## What you will do
The listing, minus its pictures, is to be given again exactly.

## Collected data
◇ ◇ ◇ ◇ ◇

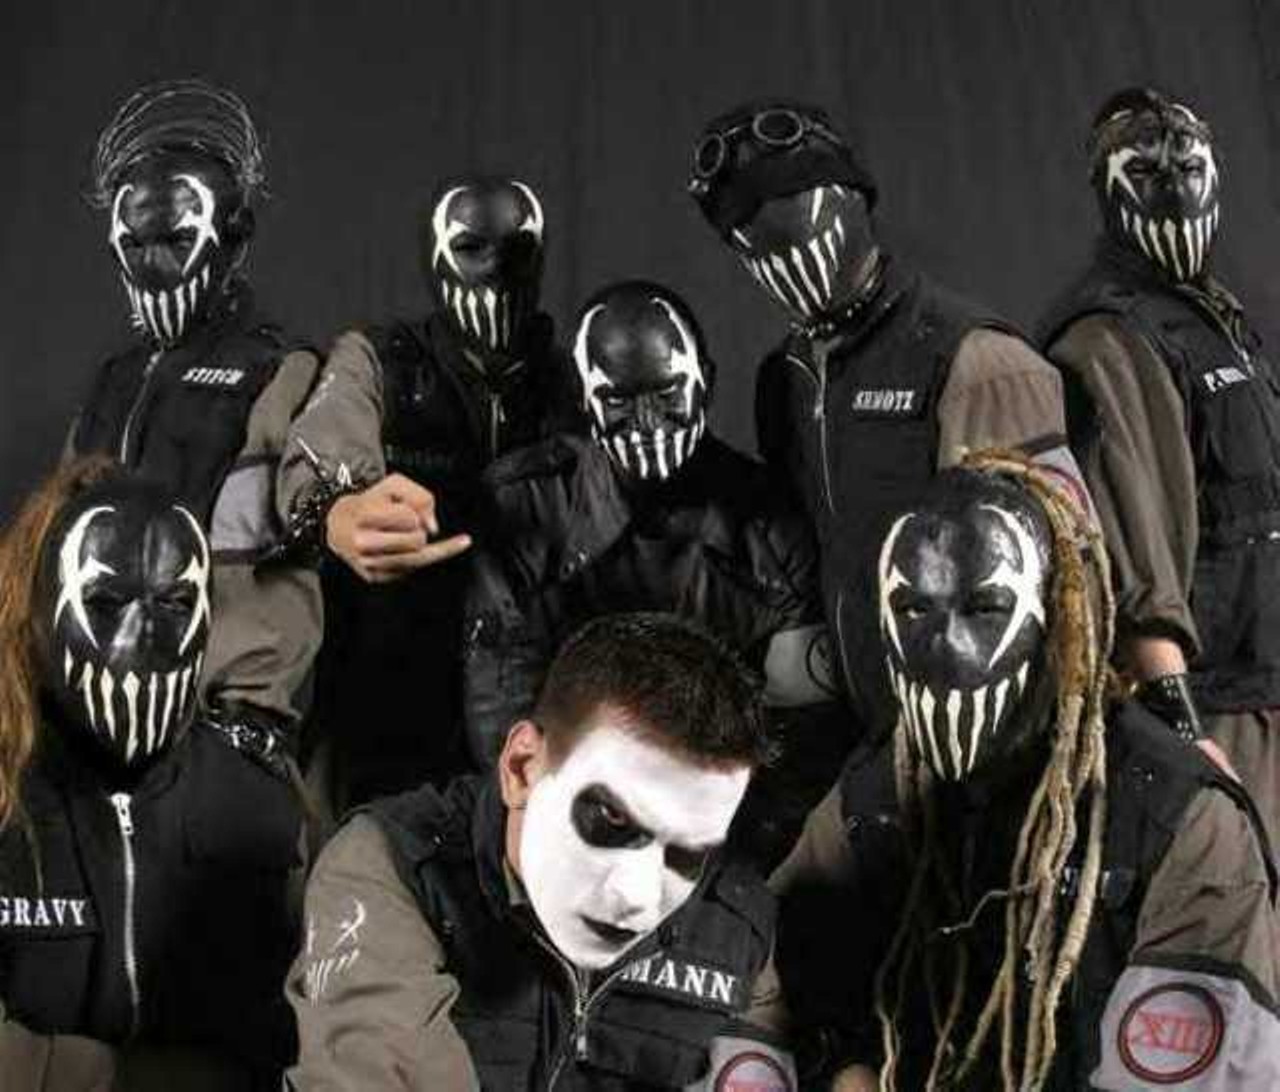 Mushroomhead
12/21 @ the Machine Shop, Flint
Slipknot rip-off, or intense industrial alt-metal machine from Cleveland? You decide.

◇ ◇ ◇ ◇ ◇

## Exercise solution
 Mushroomhead
12/21 @ the Machine Shop, Flint
Slipknot rip-off, or intense industrial alt-metal machine from Cleveland? You decide.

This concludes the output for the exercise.